You might get the 'CERTIFICATE_VERIFY_FAILED' error, meaning that it cannot connect on a secure connection to download the model. In this case use the non-secure workaround:

<code python>
import torchvision.models
from torchvision.models.vgg import model_urls
# from torchvision.models.squeezenet import model_urls

for k in model_urls.keys():
    model_urls[k] = model_urls[k].replace('https://', 'http://')

model = torchvision.models.vgg11(pretrained=True)
# model = torchvision.models.squeezenet1_0(pretrained=True)
</code>

You can see the structure of the loaded model by calling ''%%print(model)%%''. You can also open the source defining the network  architecture [[https://github.com/pytorch/vision/blob/master/torchvision/models/vgg.py ]]. Usually it is defined as a hierarchy of Modules, where each Module is either an elementary layer (e.g. Conv2d, Linear, ReLU) or a container (e.g. Sequential).


== Data ==
Download one of the datasets we offer for this task:
  - {{ :courses:bev033dle:butterflies.zip | Butterflies}} (35Mb)
  - {{ :courses:bev033dle:naturalist_mix1.zip | iNaturalist mix1 }} (108Mb)

All of the datasets contain color images 224x224 pixels of 10 categories.

==== Assignment 1 (2p) ====
Here we will practice some data loading and preprocessing techniques.
-- Create dataset and a loader for training images. We can use this existing dataset interface that loads images from the disk:
<code python>
from torchvision import datasets, transforms
train_data = datasets.ImageFolder('../data/butterflies/train', transforms.ToTensor())
train_loader = torch.utils.data.DataLoader(train_data, batch_size=4, shuffle=True, num_workers=0)
</code>

-- Perform standartization of the data: on the training set compute mean and standard deviation per color channel over all pixels and all images in the training set. We will put these constant values in the code as a preprocessing, not to recompute them over again.
-- Add ''transforms.Normalize'' with the statistics you found to your dataset constructor. This is in order to standardize (whiten) the input for better conditioned training and also for better matching to what the pretrained model expects. Apply this transform as well on the test dataset.

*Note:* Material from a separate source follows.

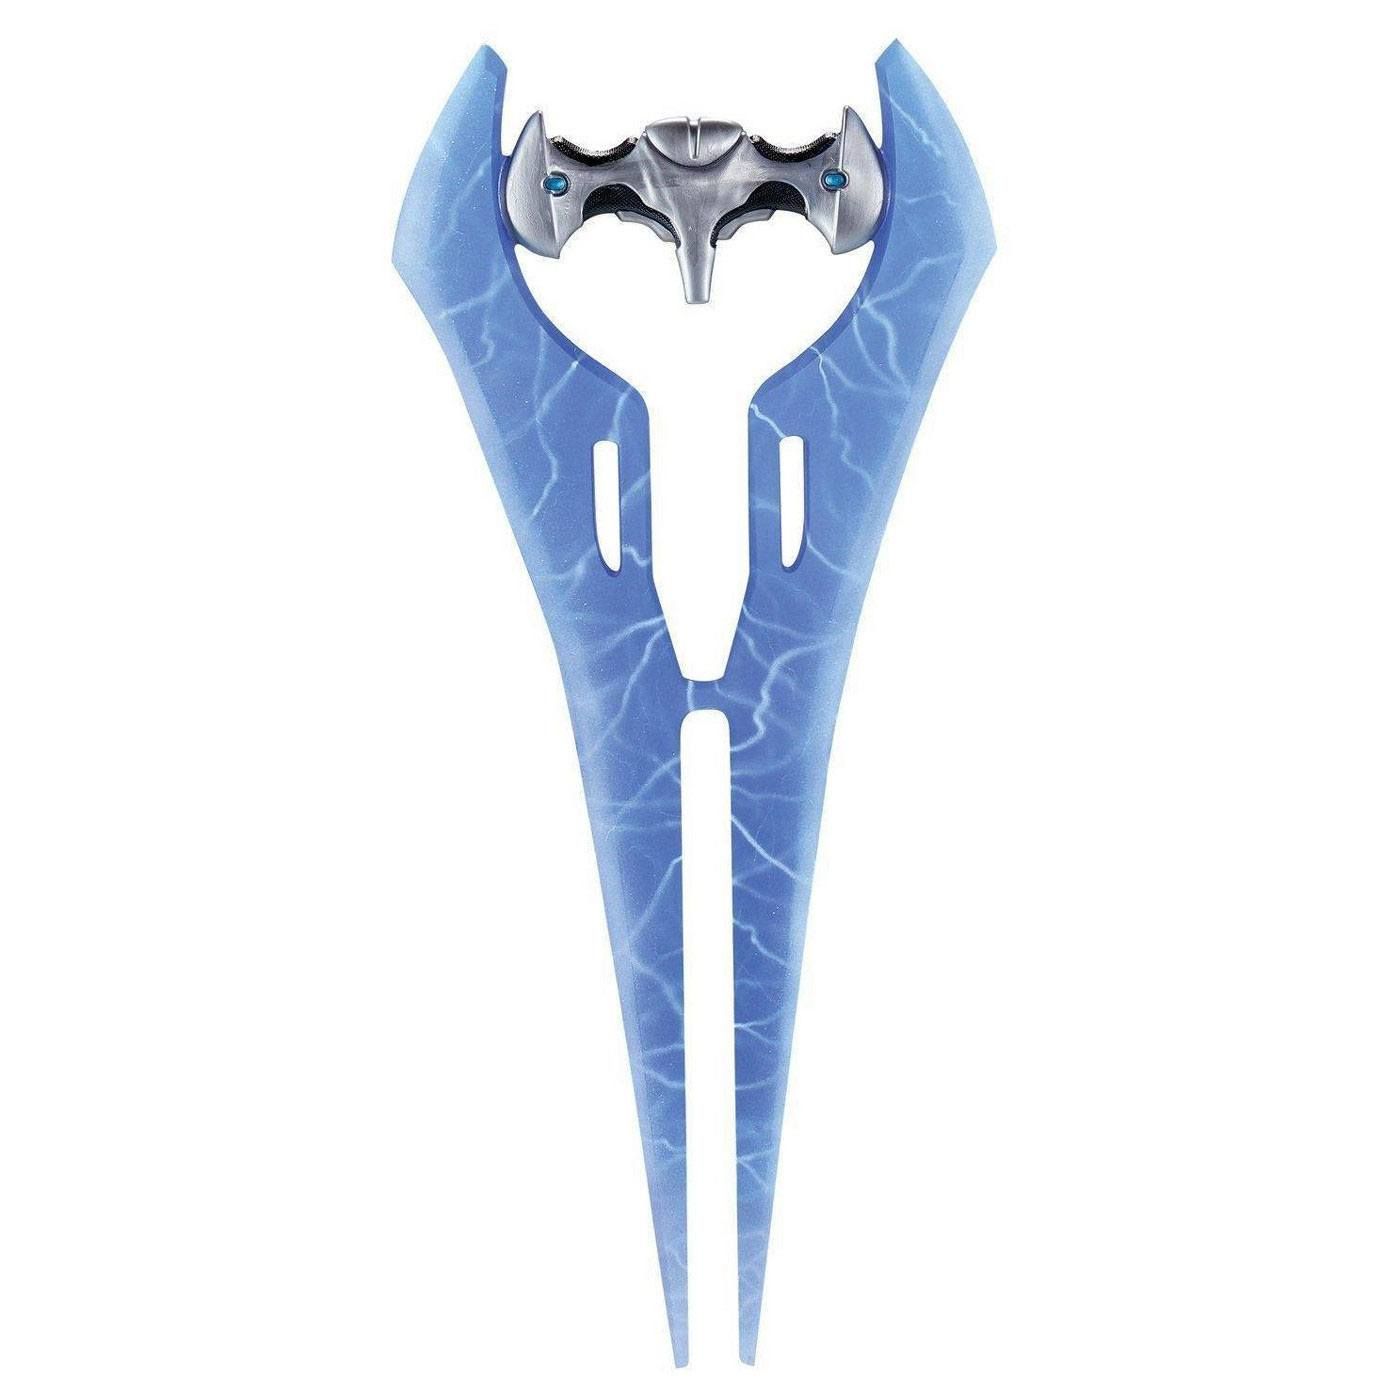 Halo Cosplay Replika Energy Sword 64 cm Disguise

-- From the train dataset create two loaders: the loader used for optimizing hyperparameters (''train_loader'') and the loader used for validation (''val_loader''). This is similar to Lab3, using [[https://pytorch.org/docs/stable/data.html?highlight=subsetrandomsampler#torch.utils.data.SubsetRandomSampler|SubsetRandomSampler]].

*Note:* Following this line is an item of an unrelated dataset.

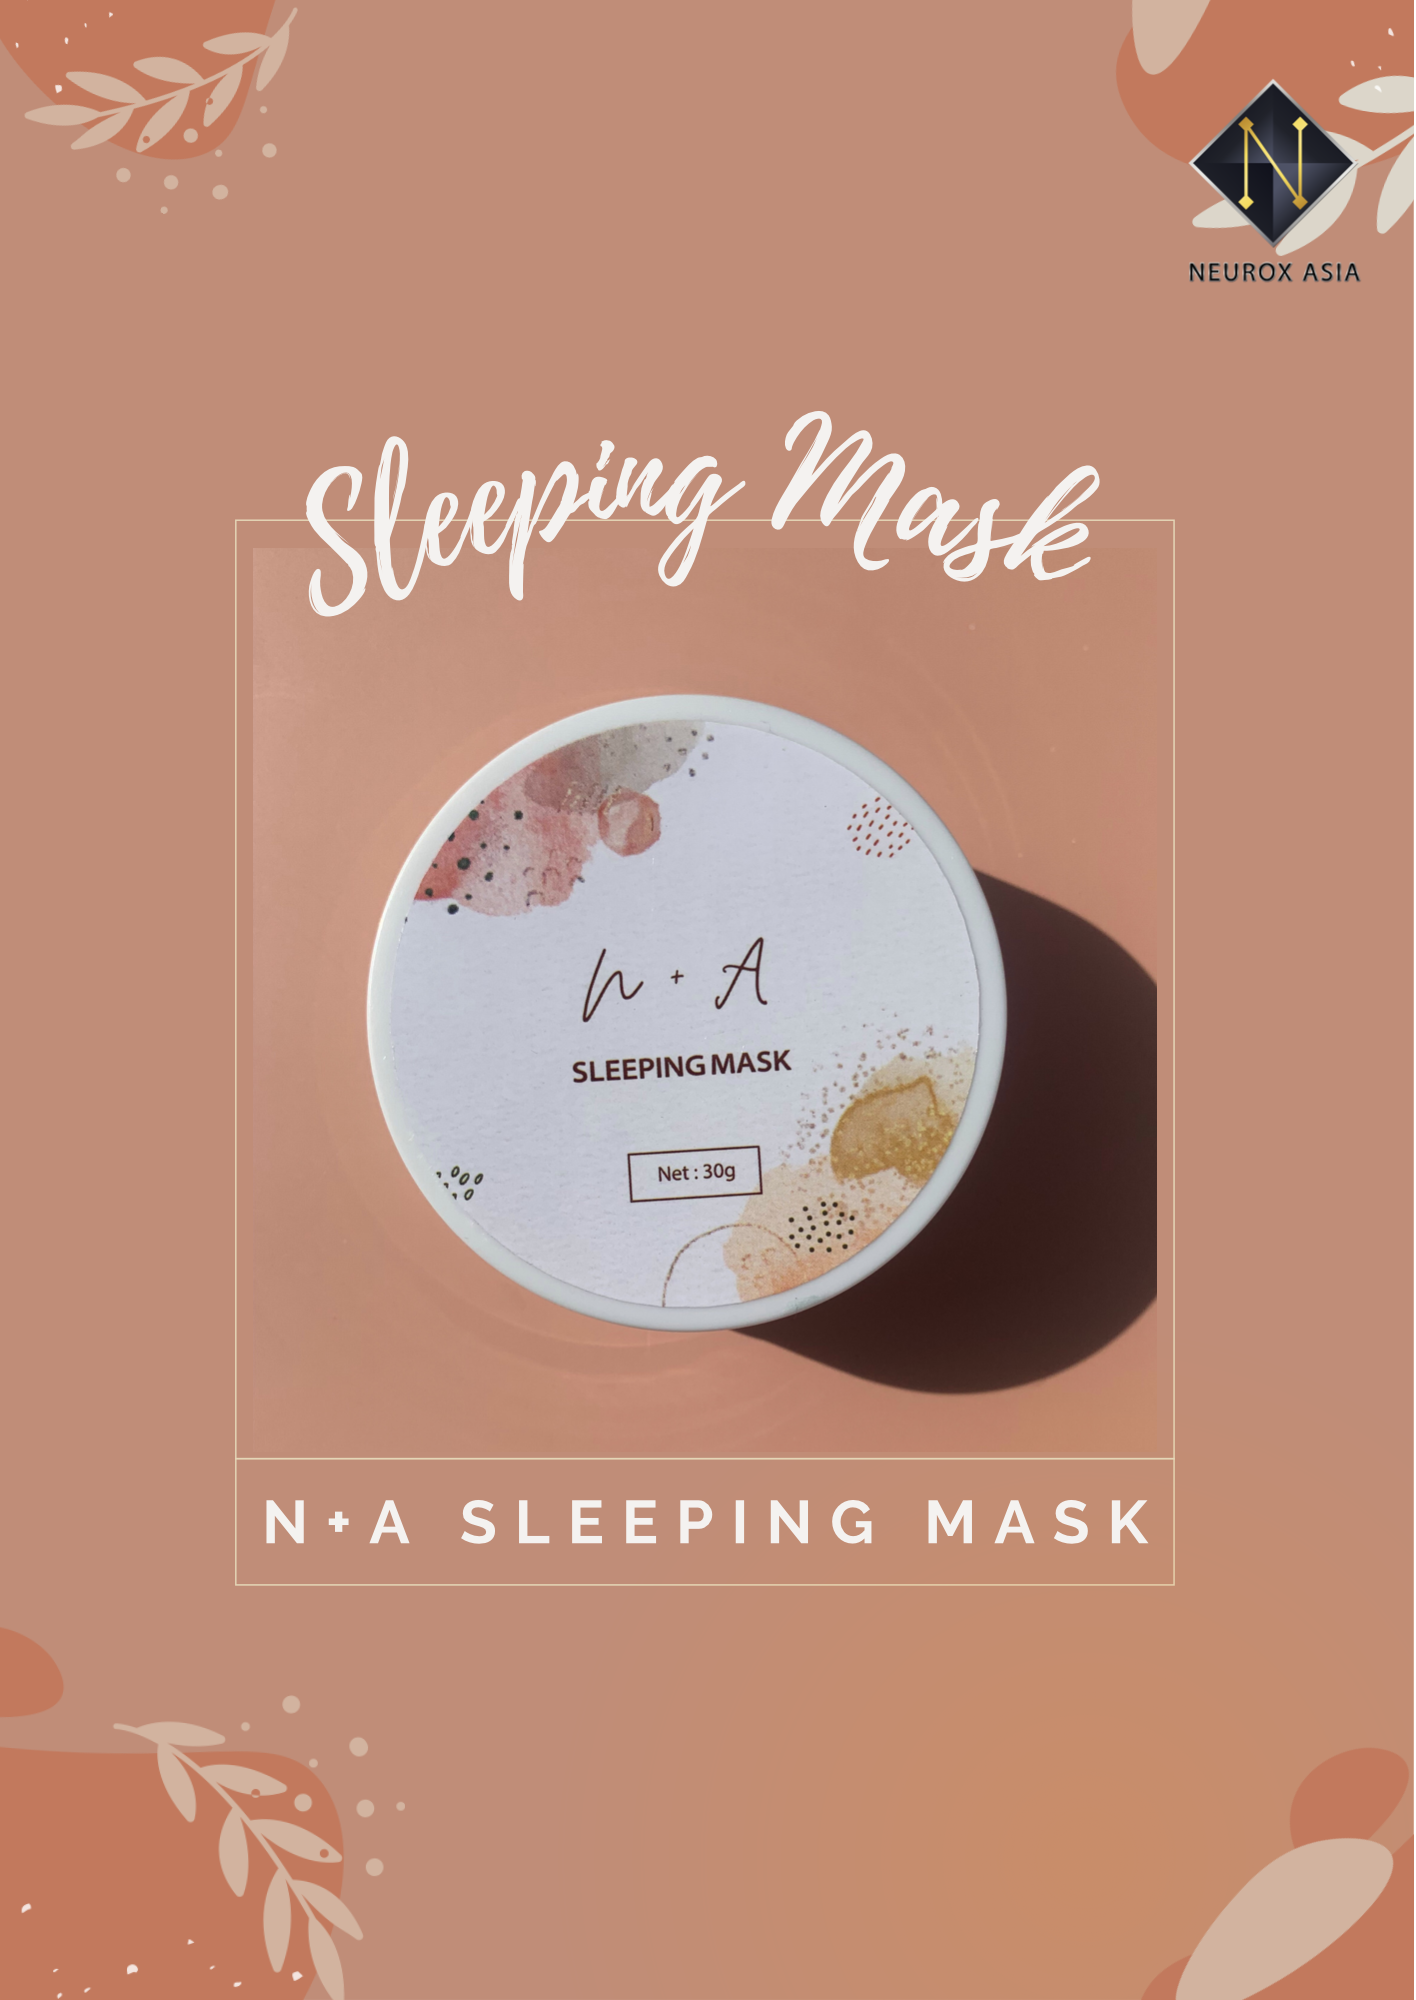 Sleeping mask

==== Assignment 2 (4p) ====
We will first try learning the last layer of the network on the new data. We will use the network as a feature extractor and learn a linear classifier on top of it, as if it was a logistic regression model on some features. We need to do the following:
  - Load the **vgg11** model
  - Freeze all parameters of the model, so that they will not be trained, by
<code python>
for param in model.parameters():
    param.requires_grad = False
</code>
  - In you model architecture identify the last linear layer that maps the features to the output scores.
  - Replace the last linear layer by a fresh ''Linear'' layer with random weights and with size matching the number of classes we finetune for. If we construct such a layer anew, its parameters will have the property 'requires_grad = True' by default.
  - Train the network in this configuration. Adjust learning rates etc. by observing the training and validation performance. Verify validation accuracy for each epoch and keep track of the parameter vector that achieves the best validation accuracy (saving it if it is better than the best so far).
  - Report the setup of learning parameters that you used, the plot of training metrics (loss, accuracy) and the final test classification accuracy.
  - For several selected error cases on the test data (not more than 10) display and report the test image and the 3 images with the highest score, to see what the network confuses these test images for.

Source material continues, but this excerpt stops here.